Students at Georgetown University have voted to pay for reparations to the descendants of enslaved people who were sold by the institution's founders in the mid-nineteenth century to pay off debts.
A referendum proposed that undergraduates pay a “reconciliation fee” of a symbolic $27.20 (£20.94) to descendants of 272 enslaved people who were sold in 1839 by the Maryland Province of the Society of Jesus, the owners the school, in an effort to raise money for the university.
The motion passed with a 66 per cent majority out of the 3,845 votes cast, according to the Washington Post.
The fees are expected to raise some $400,000 (£307,960) a year for the more than 8,000 descendants of the enslaved people identified so far at the prestigious university.
In an op-ed for the student paper The Hoya in February, two students, Samuel Dubke and Hayley Grande argued against the fee, which is not compulsory.
“Supporters of the referendum will claim that we, by attending classes, living in dorms and accepting our degrees, owe an intrinsic debt to the descendants of those enslaved people who paid for Georgetown’s existence with their lives,” they wrote.
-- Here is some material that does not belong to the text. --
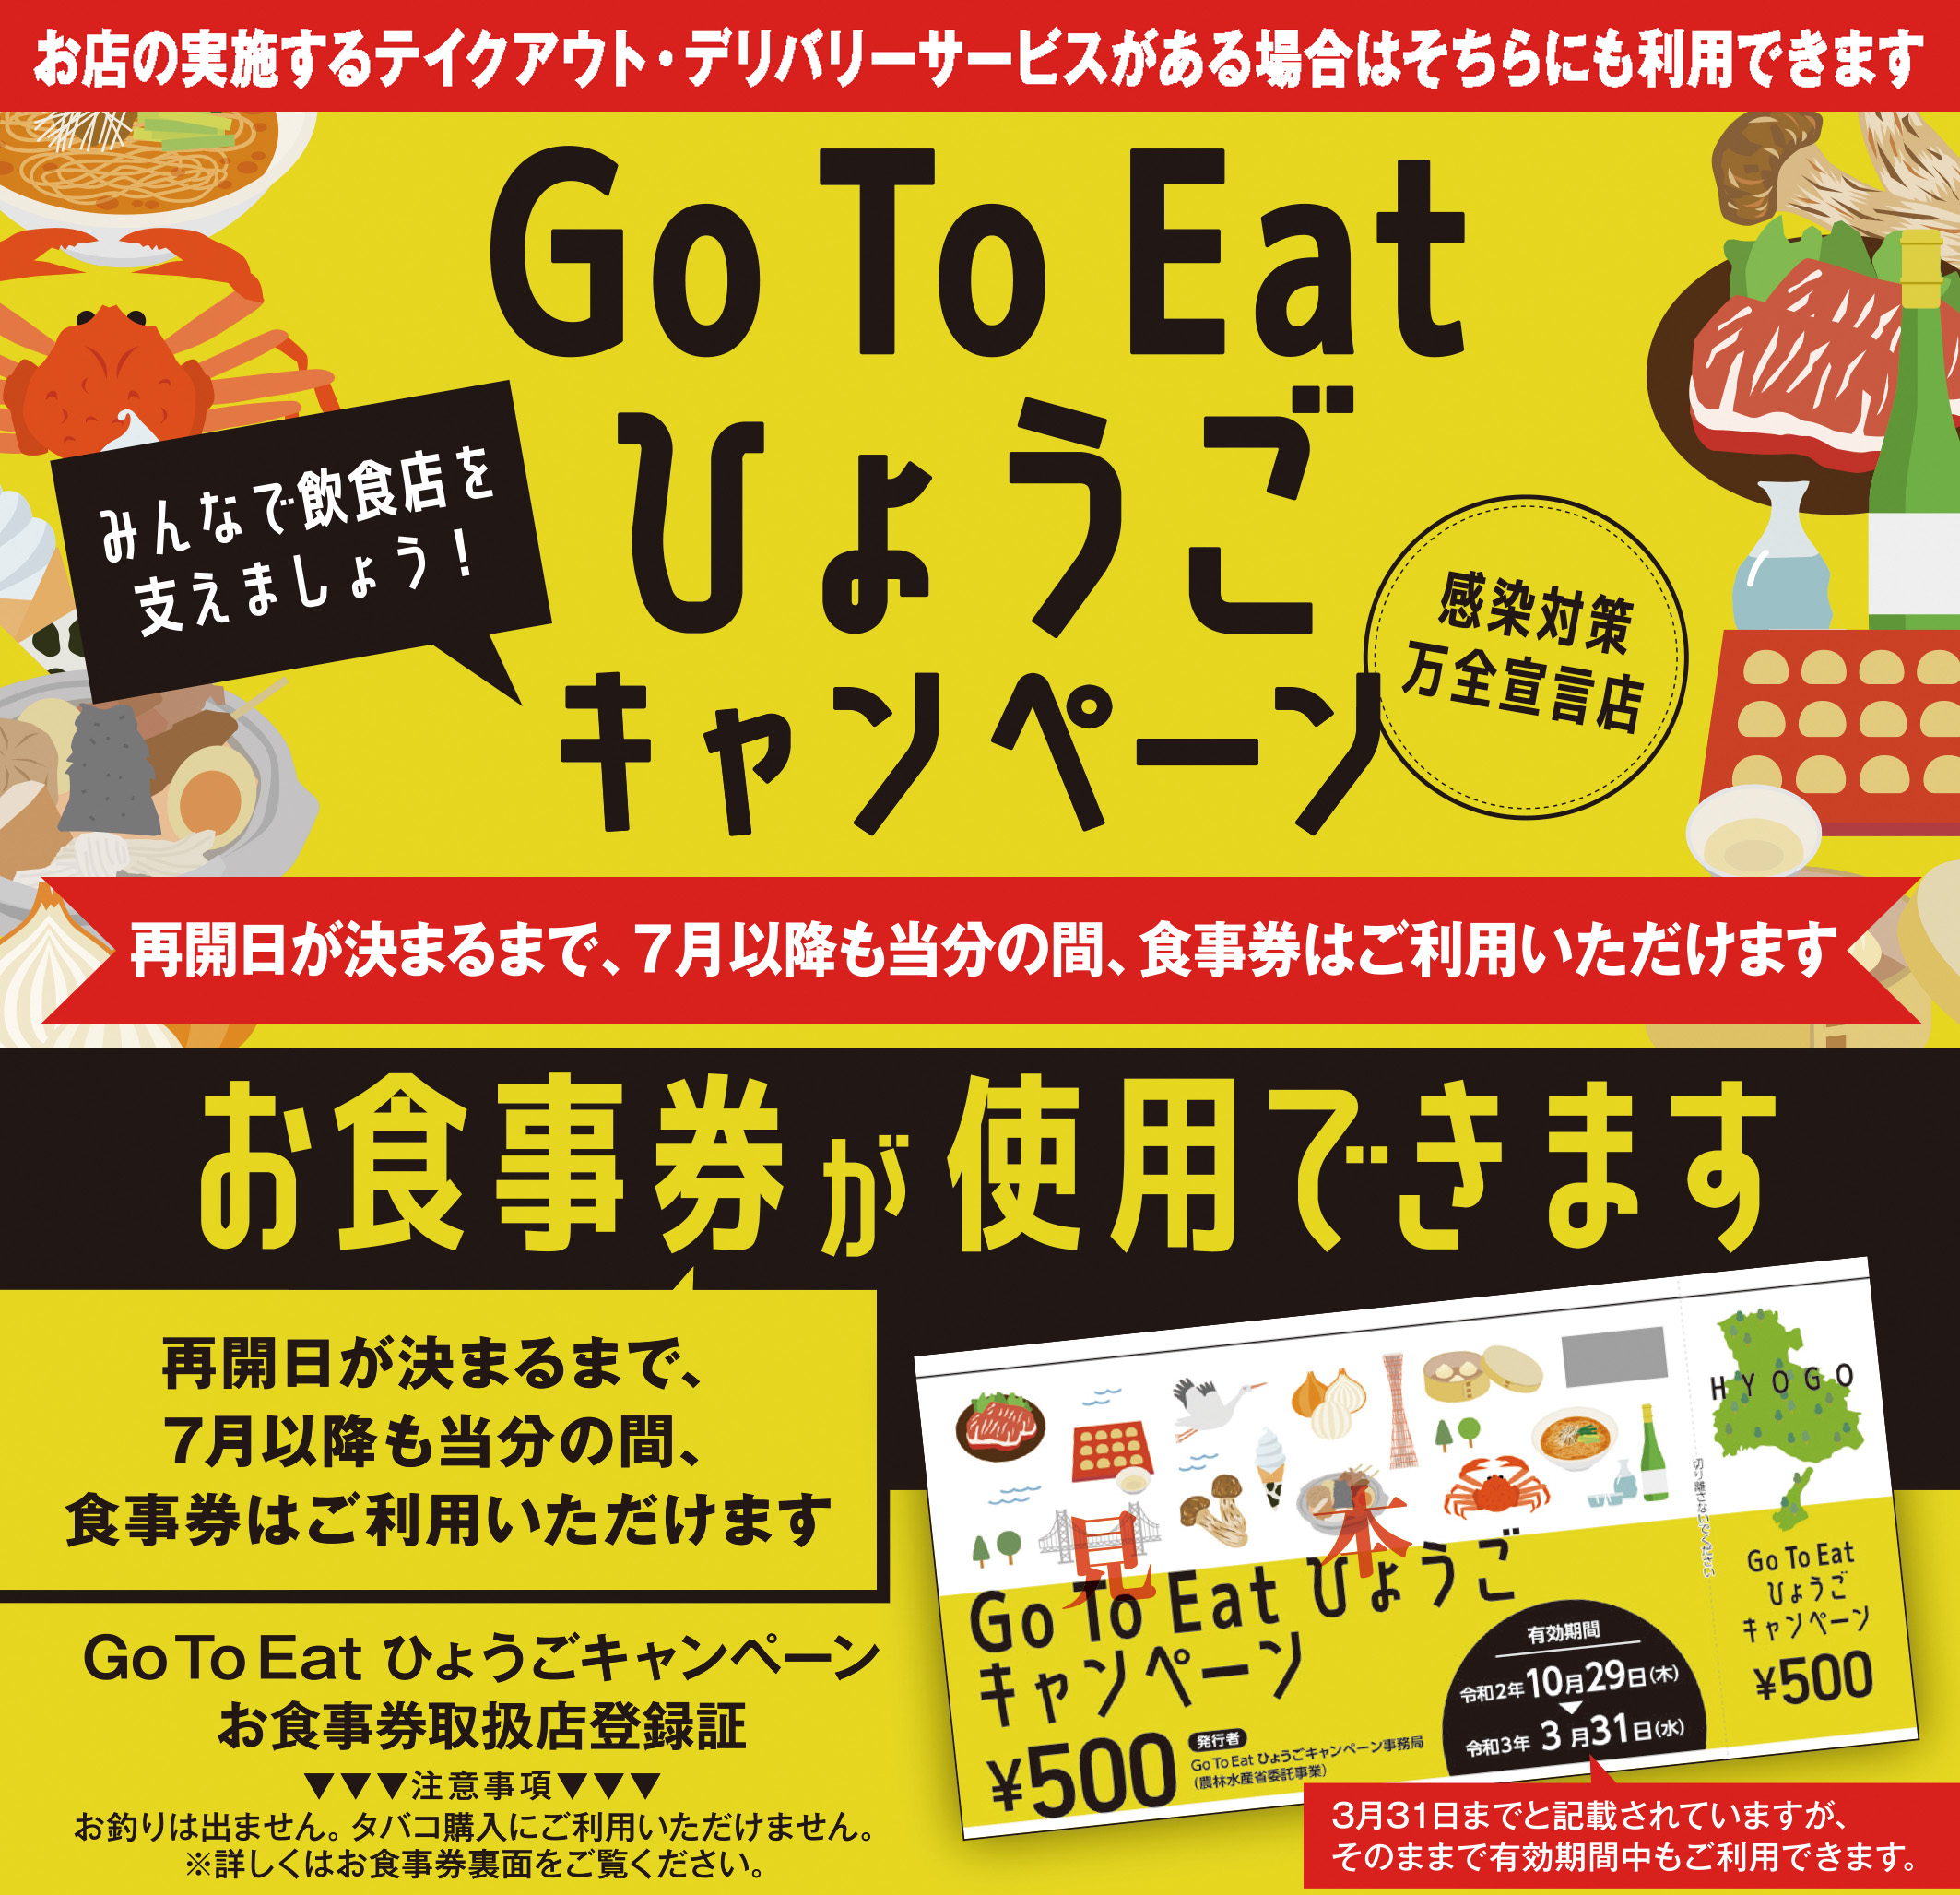 Go To Eat ひょうごキャンペーンについて(3/18更新)

While we agree that the Georgetown of today would not exist if not for the sale of 272 slaves in 1838, current students are not to blame for the past sins of the institution, and a financial contribution cannot reconcile this past debt on behalf of the university. . . . Georgetown University alone, not the student body, has the obligation to pay for its past transgressions.
In response to the referendum results, Georgetown University President John J. DeGioia said the university are “pursuing work that is uncharted”.
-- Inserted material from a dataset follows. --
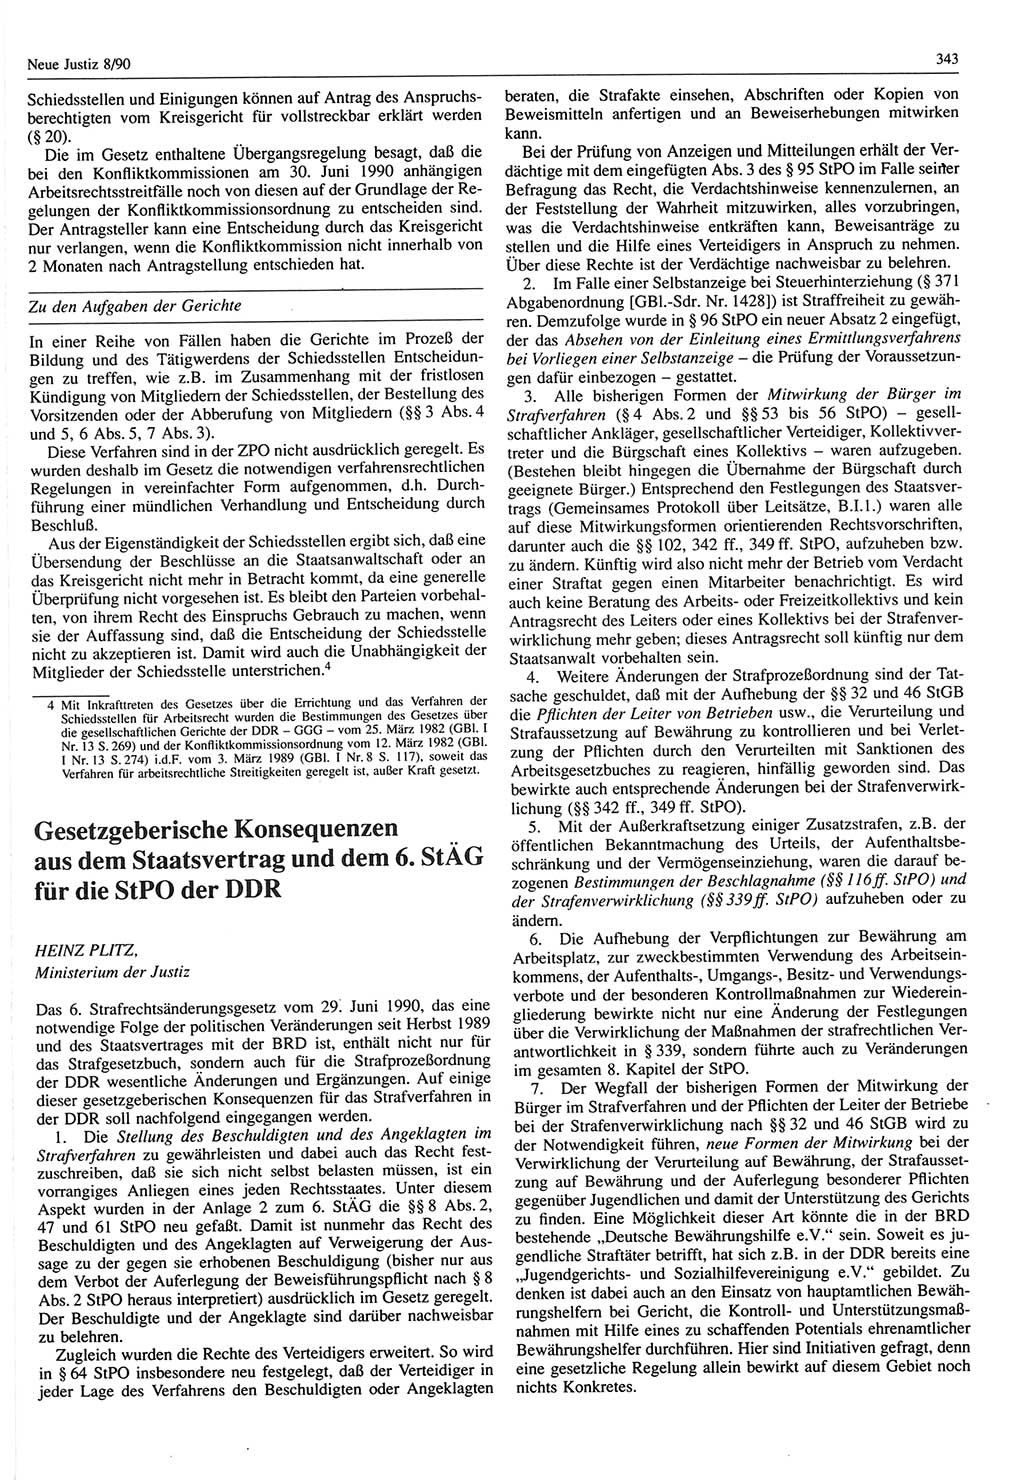 Neue Justiz (NJ), Zeitschrift für Rechtsetzung und Rechtsanwendung [Deutsche Demokratische Republik (DDR)], 44. Jahrgang 1990, Seite 343 (NJ DDR 1990, S. 343)

The referendum is a symbolic gesture, as it is nonbinding and school officials will make the final decision.
Still, it’s a move that many are calling a step in the right direction. The topic of reparations is popular in the US, as people try to decide how to acknowledge and make amends with the country's brutal history of slavery.
Lee Baker, a descendant of Nace and Biby Butler, a married couple who are among the 272 enslaved people sold in 1838, told the student newspaper, The Hoya, the vote was very important.
The students remembered, recognised, and reignited awareness about descendants who literally made it possible for today’s Georgetown University
Regardless of what happens, we will know that Georgetown University students practised solidarity and decided to ensure that such an historic injustice has a permanent lens for awareness, analysis and action.